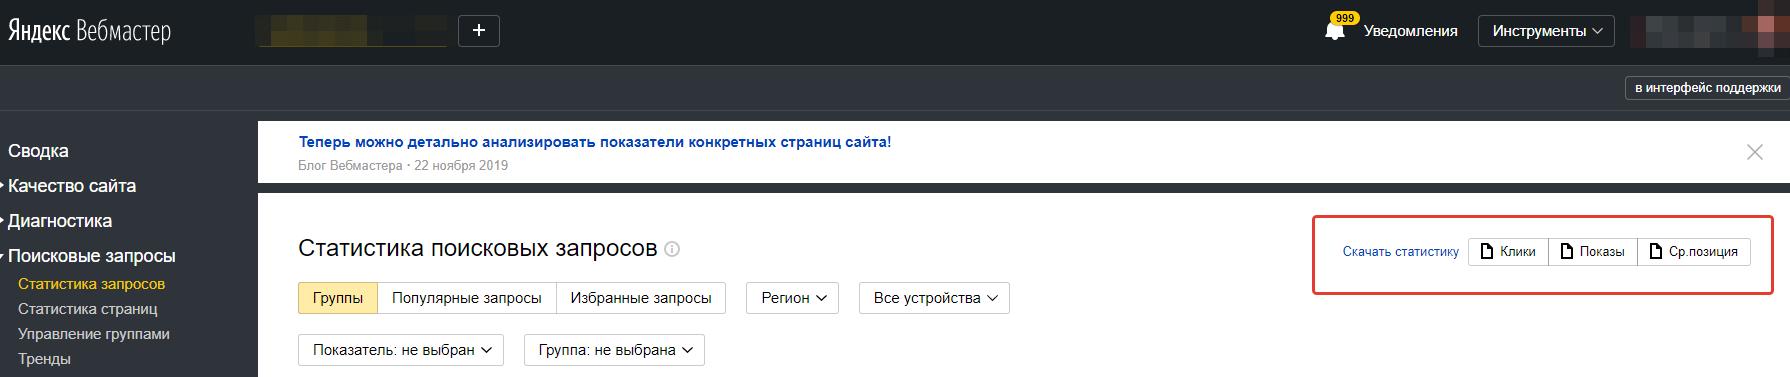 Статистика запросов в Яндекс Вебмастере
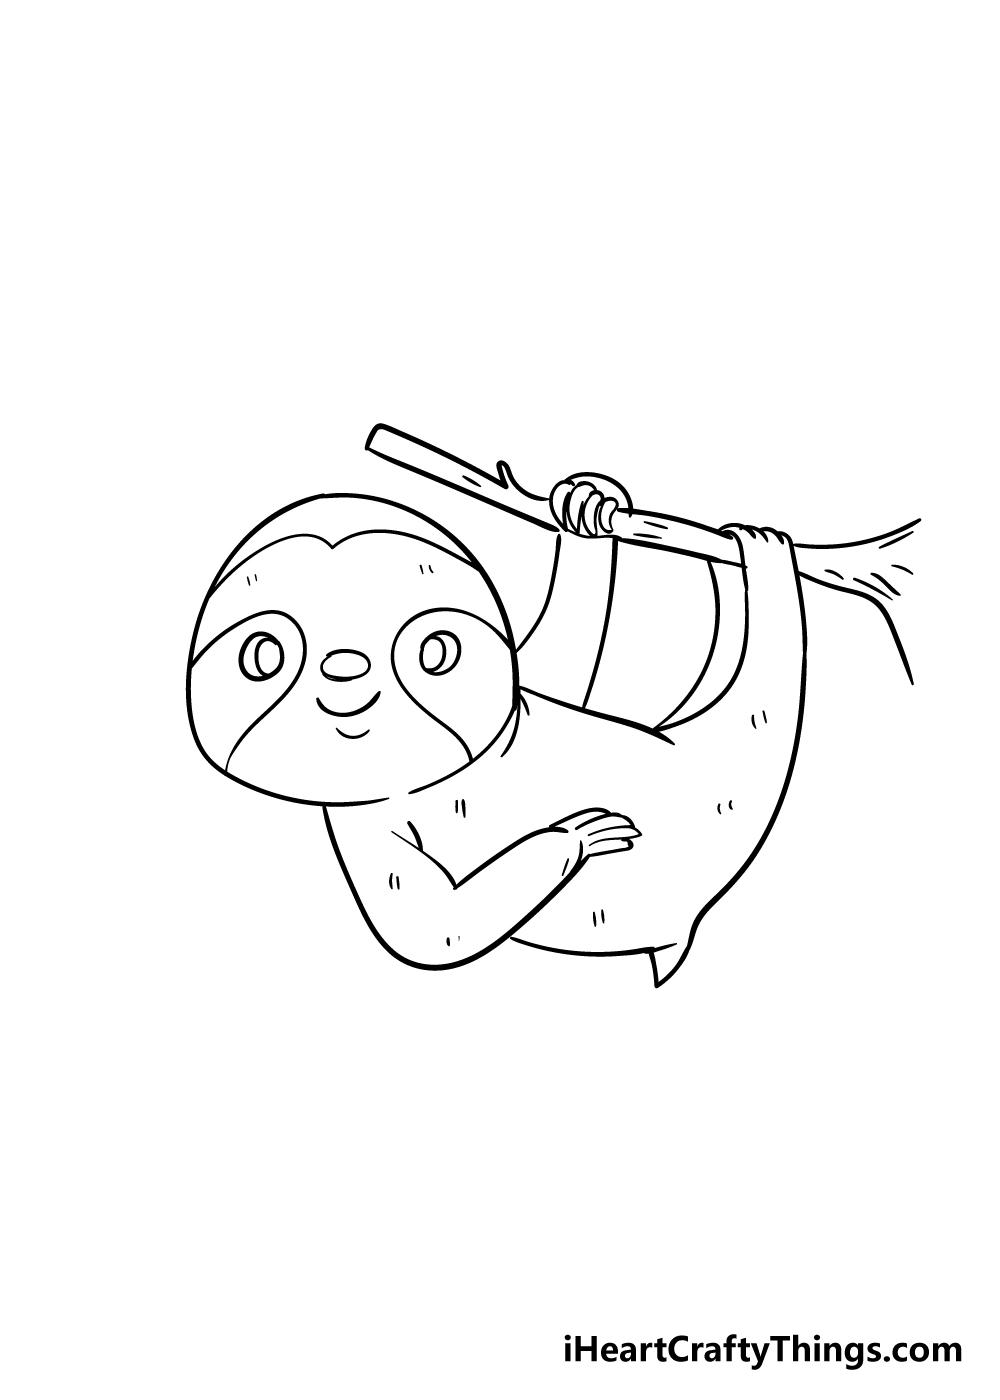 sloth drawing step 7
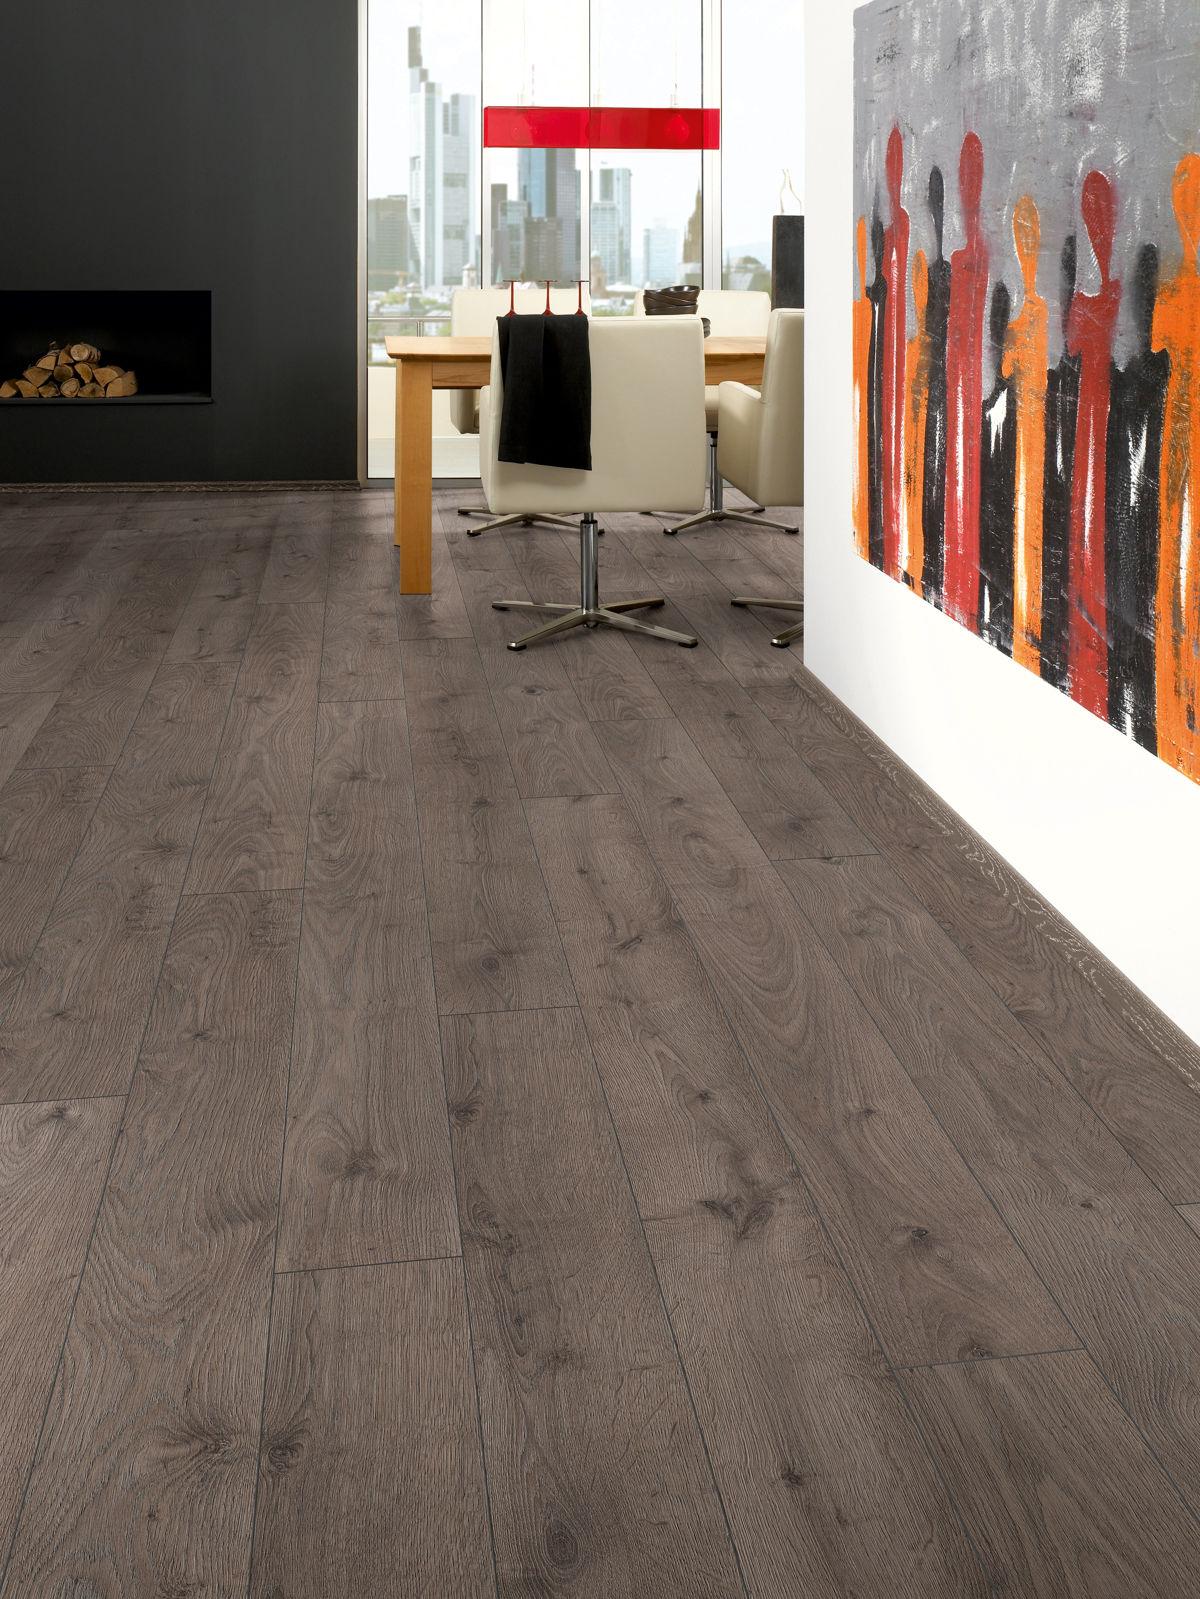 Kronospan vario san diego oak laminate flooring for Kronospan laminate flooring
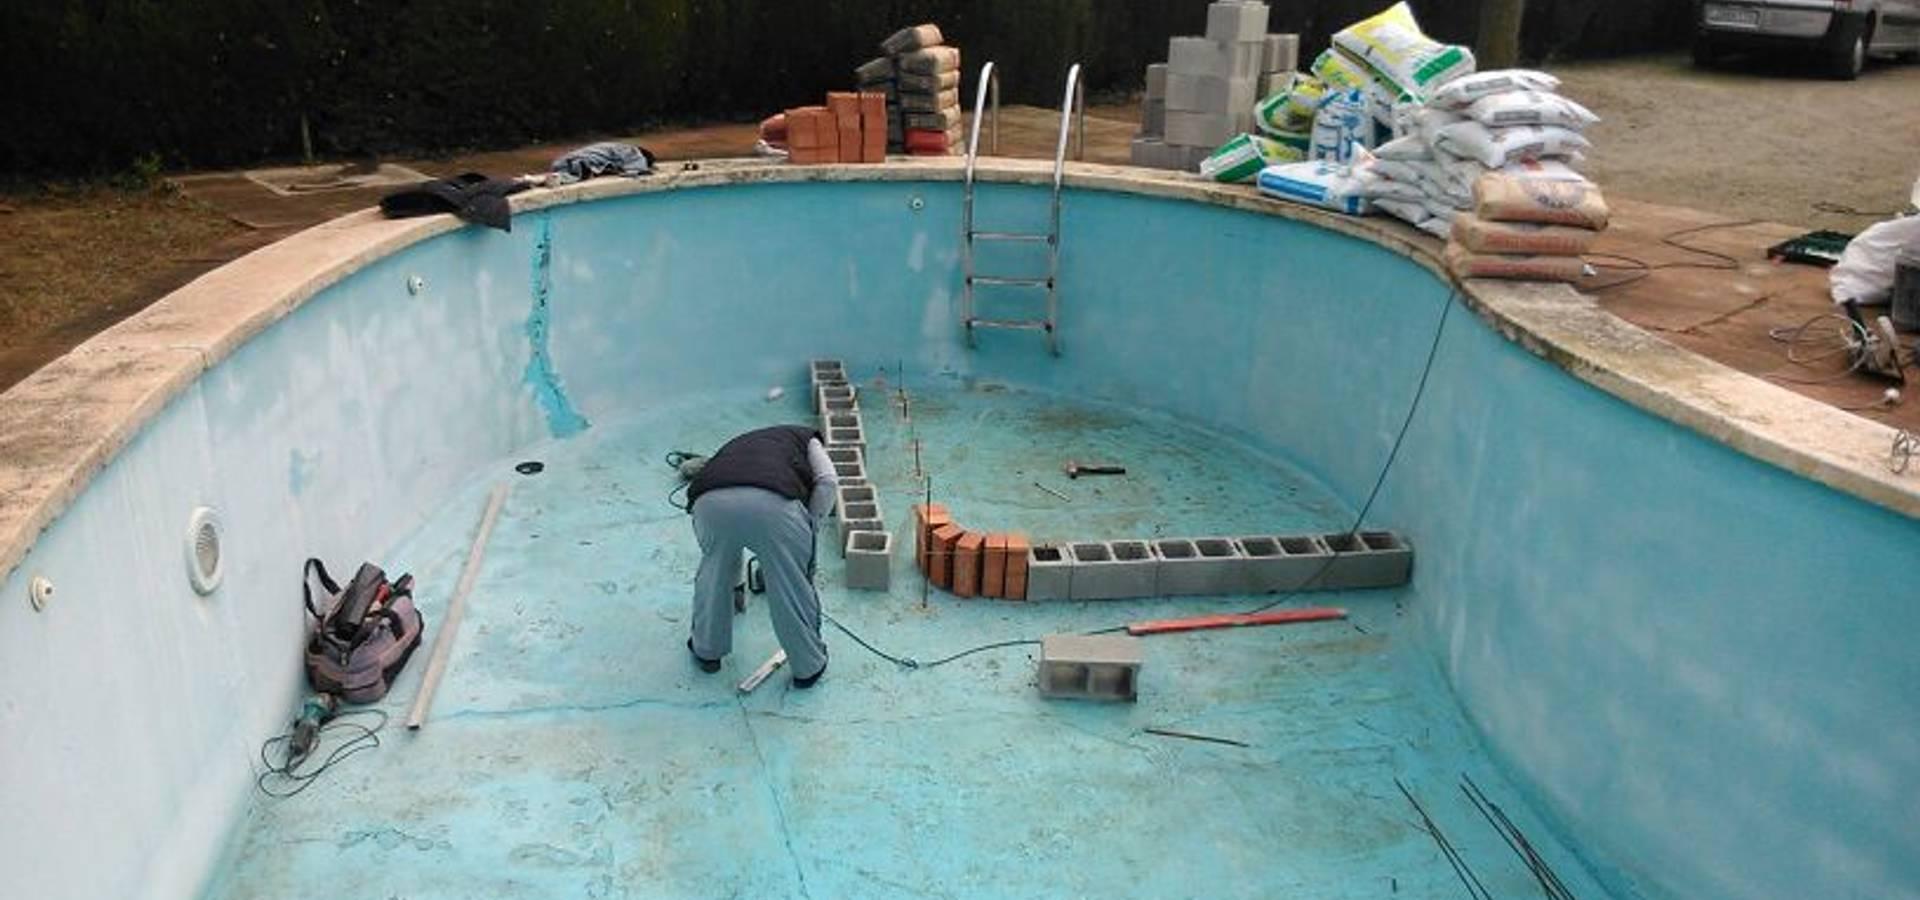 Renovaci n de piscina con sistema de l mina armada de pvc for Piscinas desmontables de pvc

* **Assigned task**
Could you retype the whole listing word for word, minus its pictures?

* **Finished exercise**
 Статистика запросов в Яндекс Вебмастере
 sloth drawing step 7
 Kronospan vario san diego oak laminate flooring for Kronospan laminate flooring
 Renovaci n de piscina con sistema de l mina armada de pvc for Piscinas desmontables de pvc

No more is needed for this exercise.